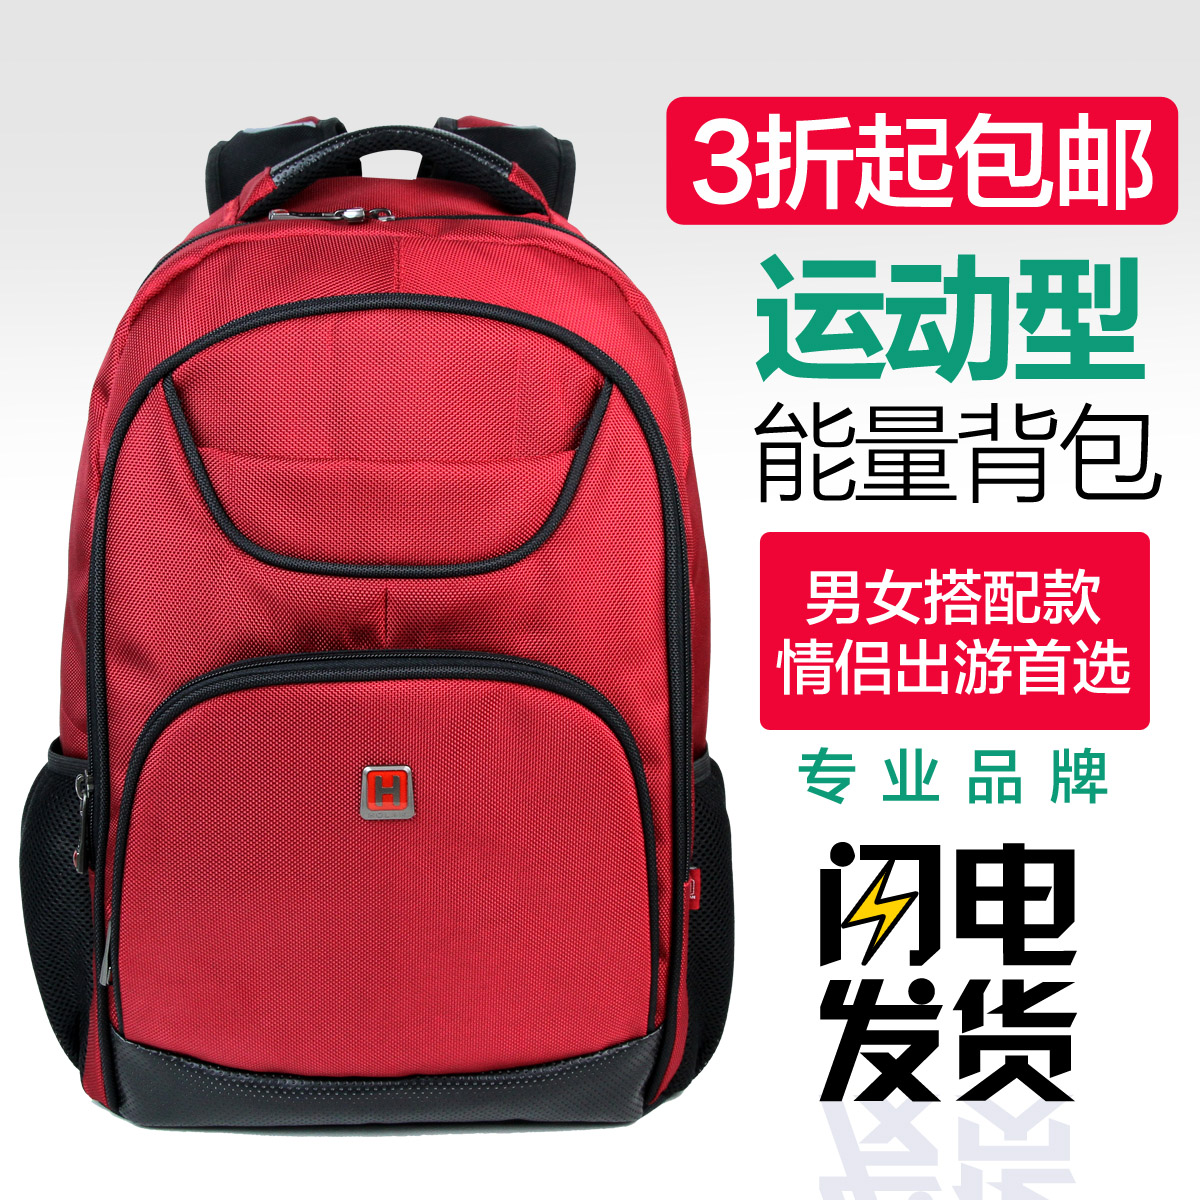 中国质造 男双肩包大容量旅行包休闲双肩包男旅游背包女潮中学生
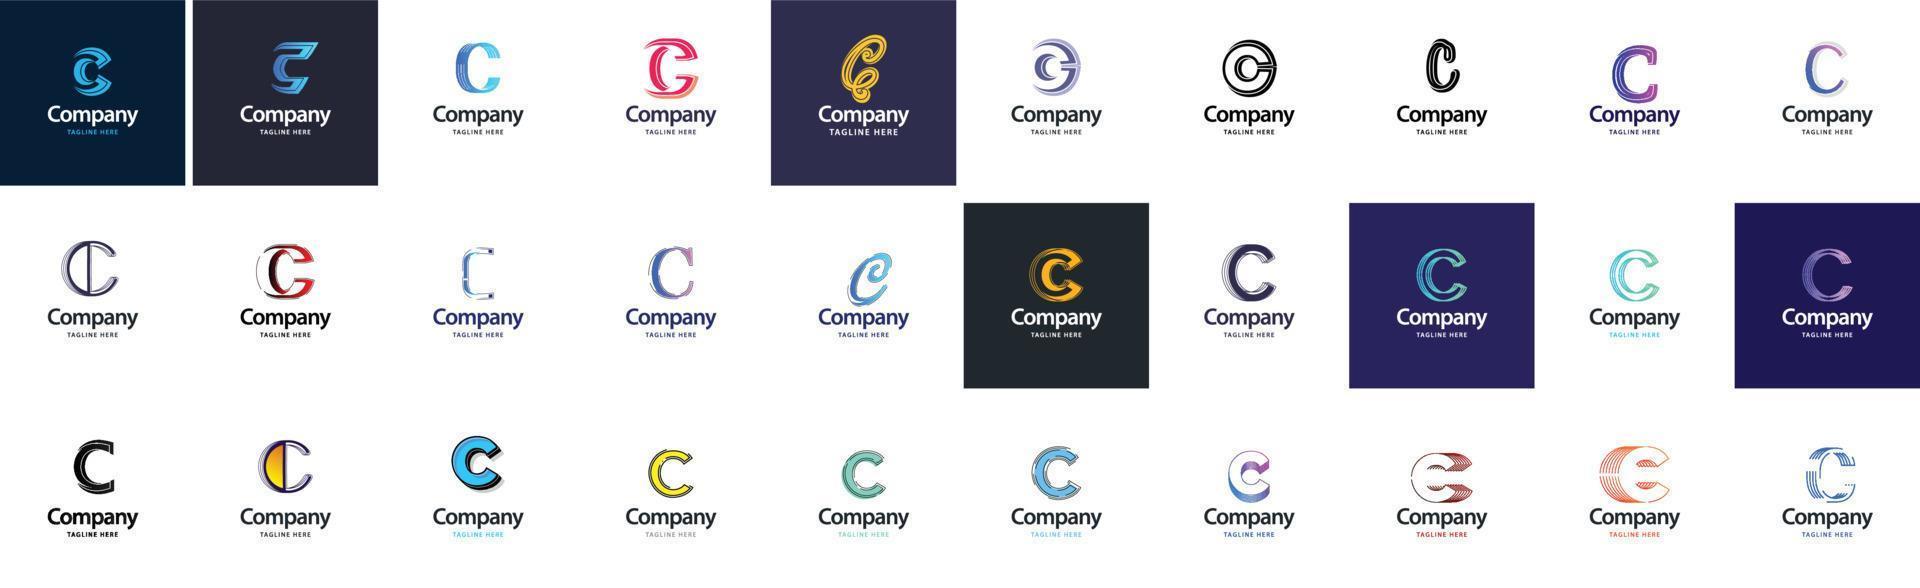 c-Logo-Sammlung. 30 Business-Logo-Sammlung für Finanzunternehmen oder Designagenturen. vektormarkenillustration vektor
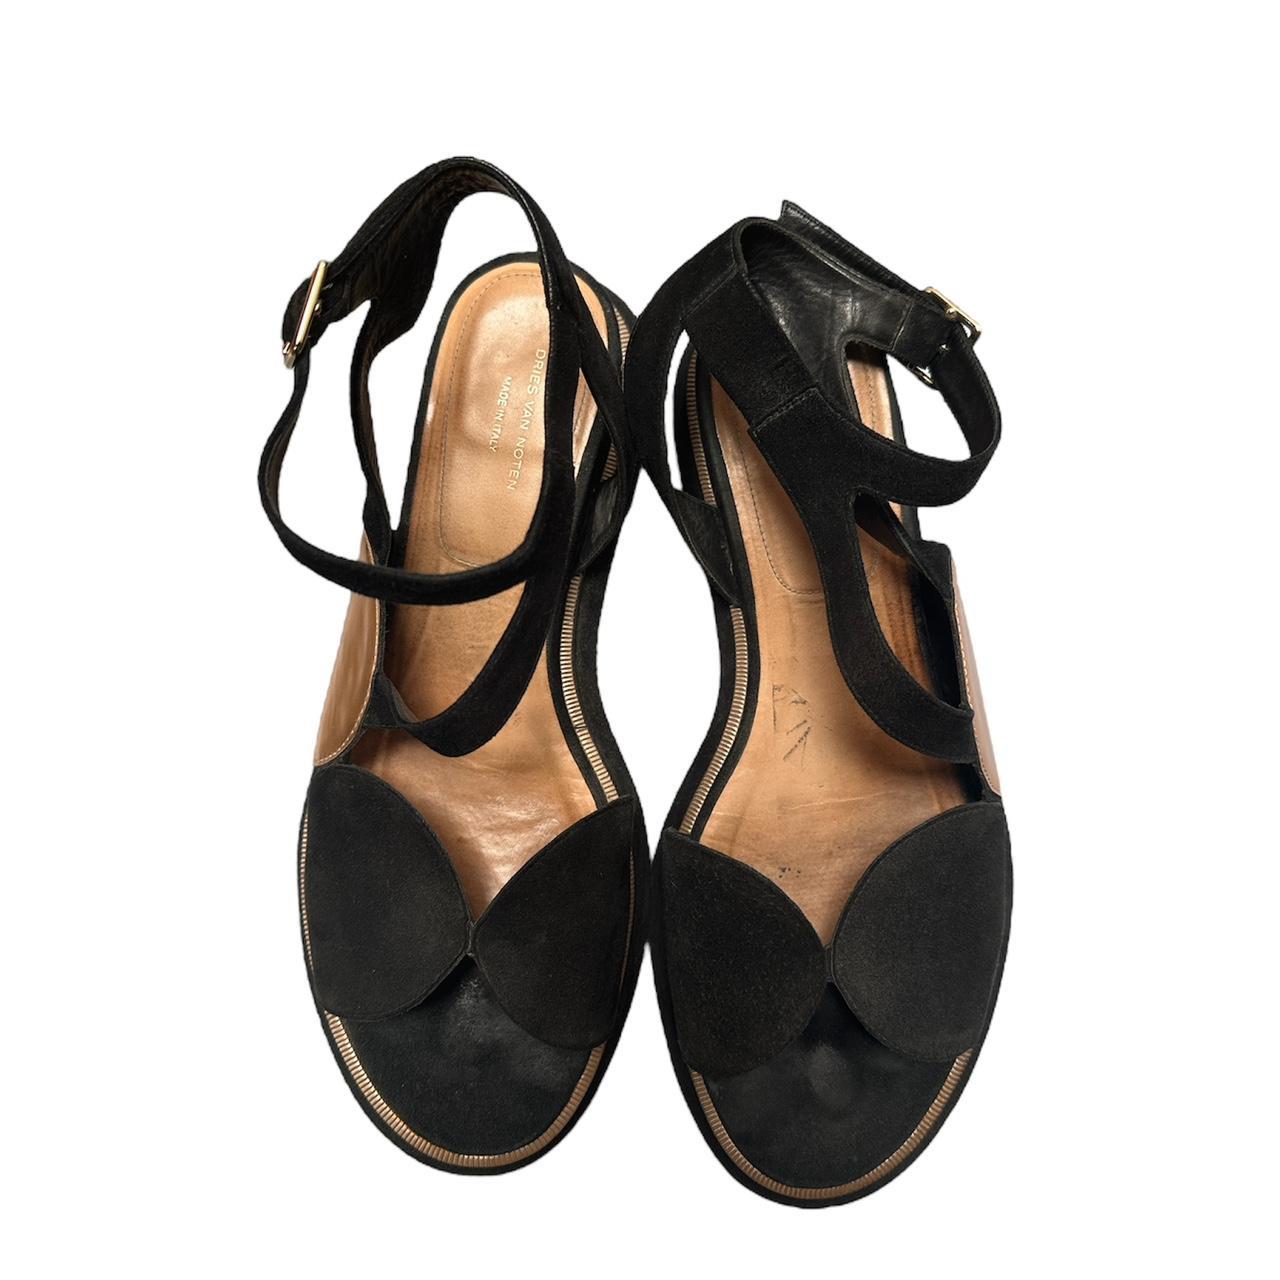 Dries Van Noten Women's Black and Gold Sandals
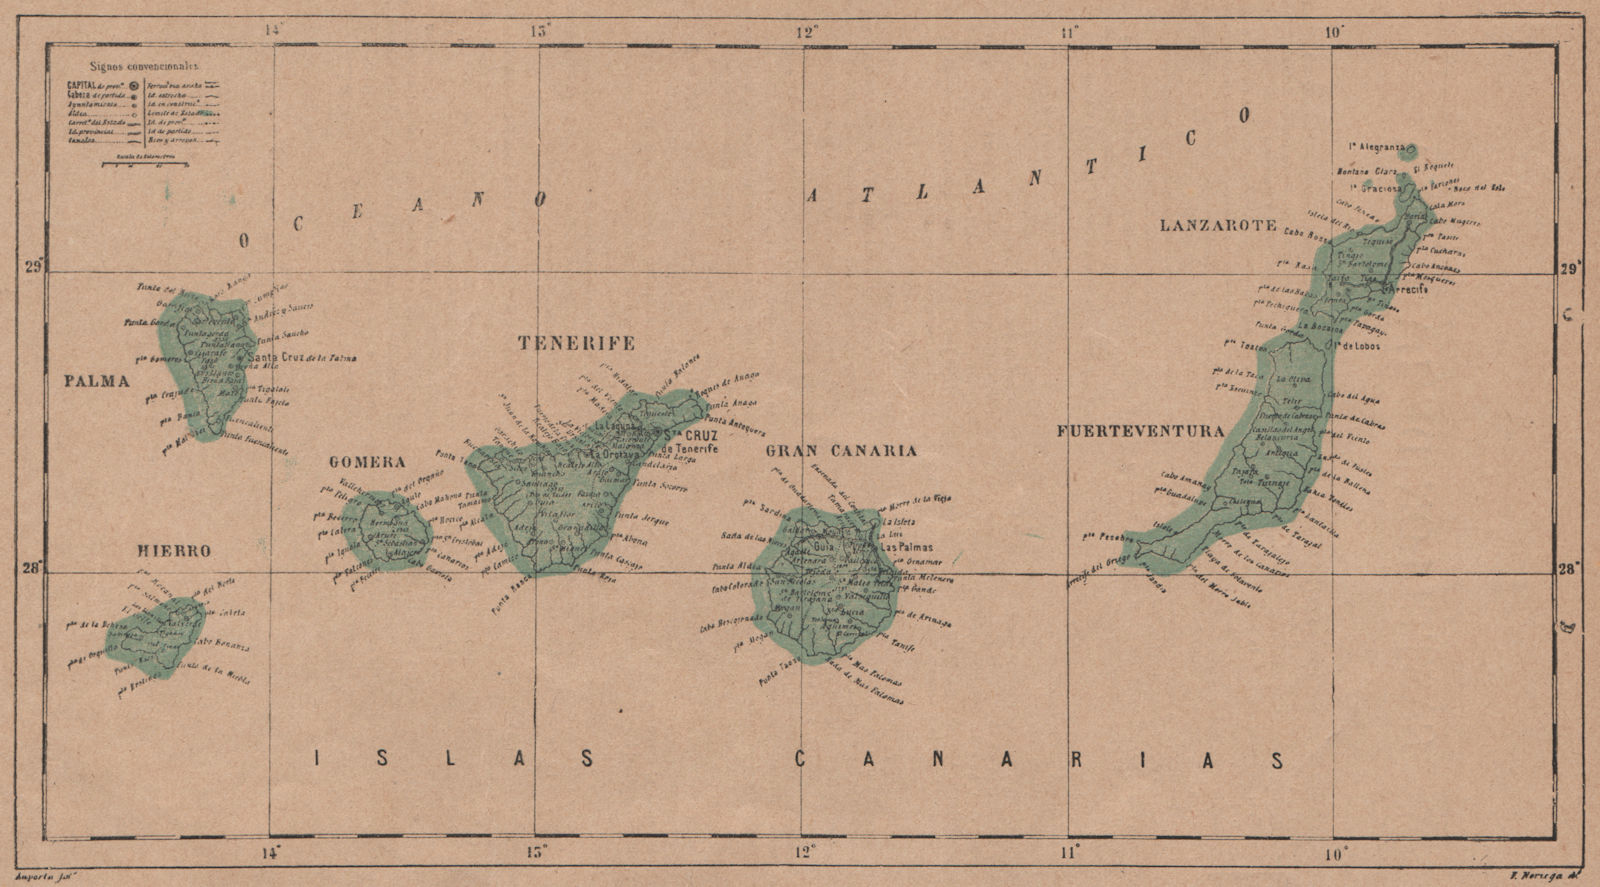 ISLAS CANARIAS. Tenerife Palma Gran Canaria Fuerteventura Lanzarote 1908 map

_Aim of the exercise_
Write out all the material verbatim, images excluded.

_Answer space_
 中国质造 男双肩包大容量旅行包休闲双肩包男旅游背包女潮中学生
 c-Logo-Sammlung. 30 Business-Logo-Sammlung für Finanzunternehmen oder Designagenturen. vektormarkenillustration vektor
 Dries Van Noten Women's Black and Gold Sandals
 ISLAS CANARIAS. Tenerife Palma Gran Canaria Fuerteventura Lanzarote 1908 map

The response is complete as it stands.